Gail ScottGail Scott is UWindsor’s latest writer-in-residence.

Author joins English faculty as writer-in-residence

A Canadian novelist who helped shape Québécoise feminist language theory is UWindsor’s latest writer-in-residence.

Gail Scott, a fiction writer, essayist, and translator, will read from her works at two events and will be a resource for students during her time on campus.

Many of Scott’s novels and short stories deal with fragmentation in time, subjects, and narrative structures. Her ghost story, The Obituary, was a 2011 finalist for Le Grand Prix du Livre de la Ville de Montréal, and two of her novels — Main Brides and Heroine — were both nominated for the Quebec Writers’ Federation Award.

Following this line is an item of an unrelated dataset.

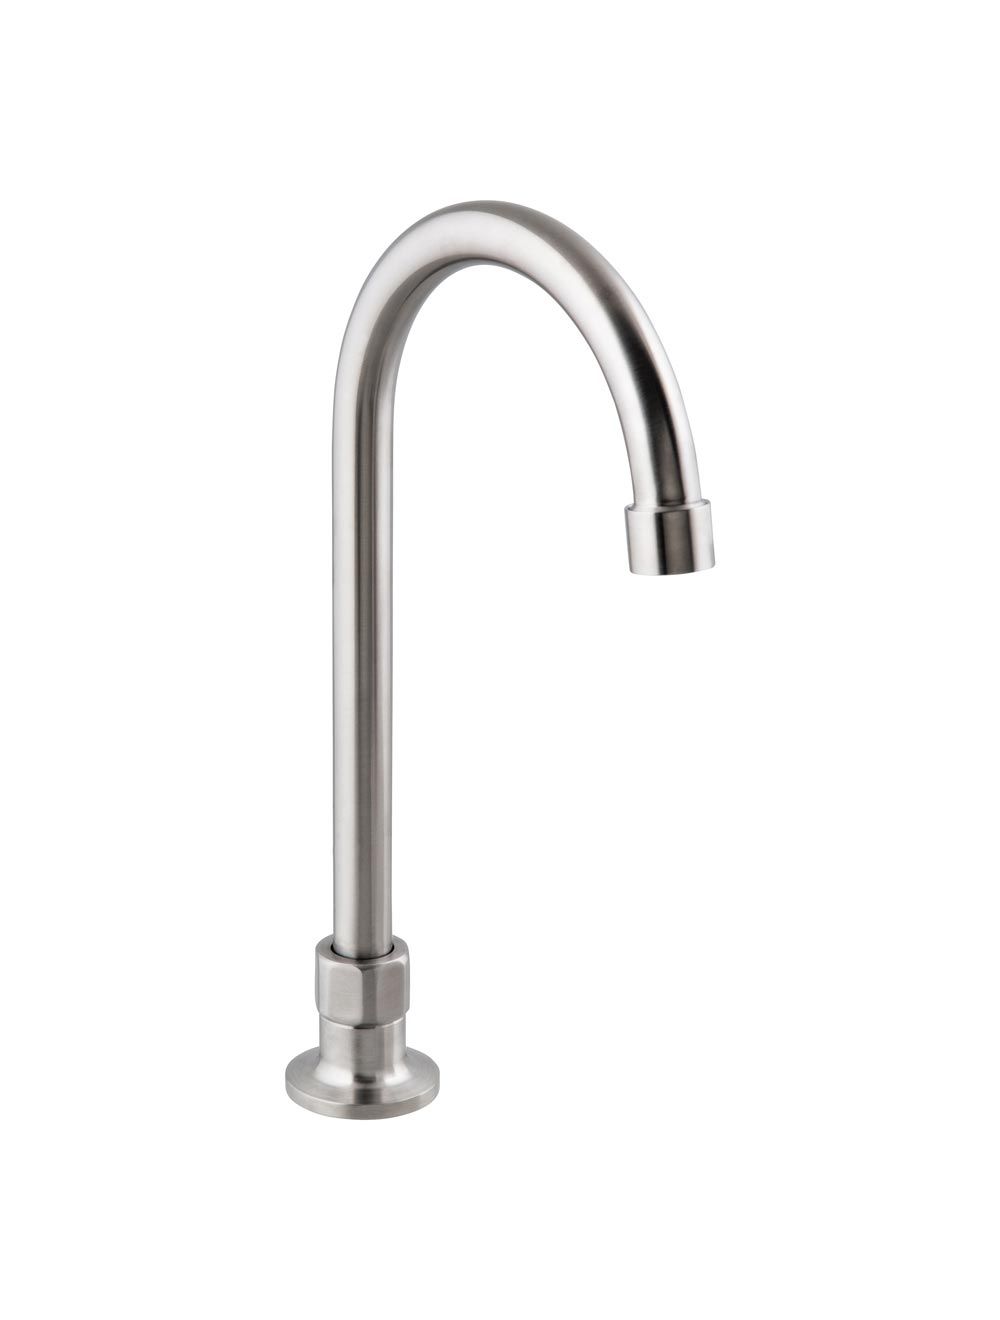 Stainless Steel Single Hob Mount (No Stops) with Gooseneck Spout

Her translation of Michael Delisle’s Le Déasarroi du matelot was shortlisted for the Governor General’s translation award in 2001.

“She has done much to create a writerly community in English-speaking Quebec, introduce French feminist theory and writers to the general populace, forge a ‘new narrative’ with her own ground-breaking writing, and write critically about — and translate — other writers’ books,” said UWindsor English professor Nicole Markotić. “It's an honour and quite a coup that we’ve secured her as one of our writers-in-residence.”

Scott will read from her works Tuesday, Feb. 5, at 4 p.m. in Alumni Hall’s McPherson Lounge and at Mackenzie Hall’s Common Ground Art Gallery, 3277 Sandwich St., on Feb. 14 at 8 p.m.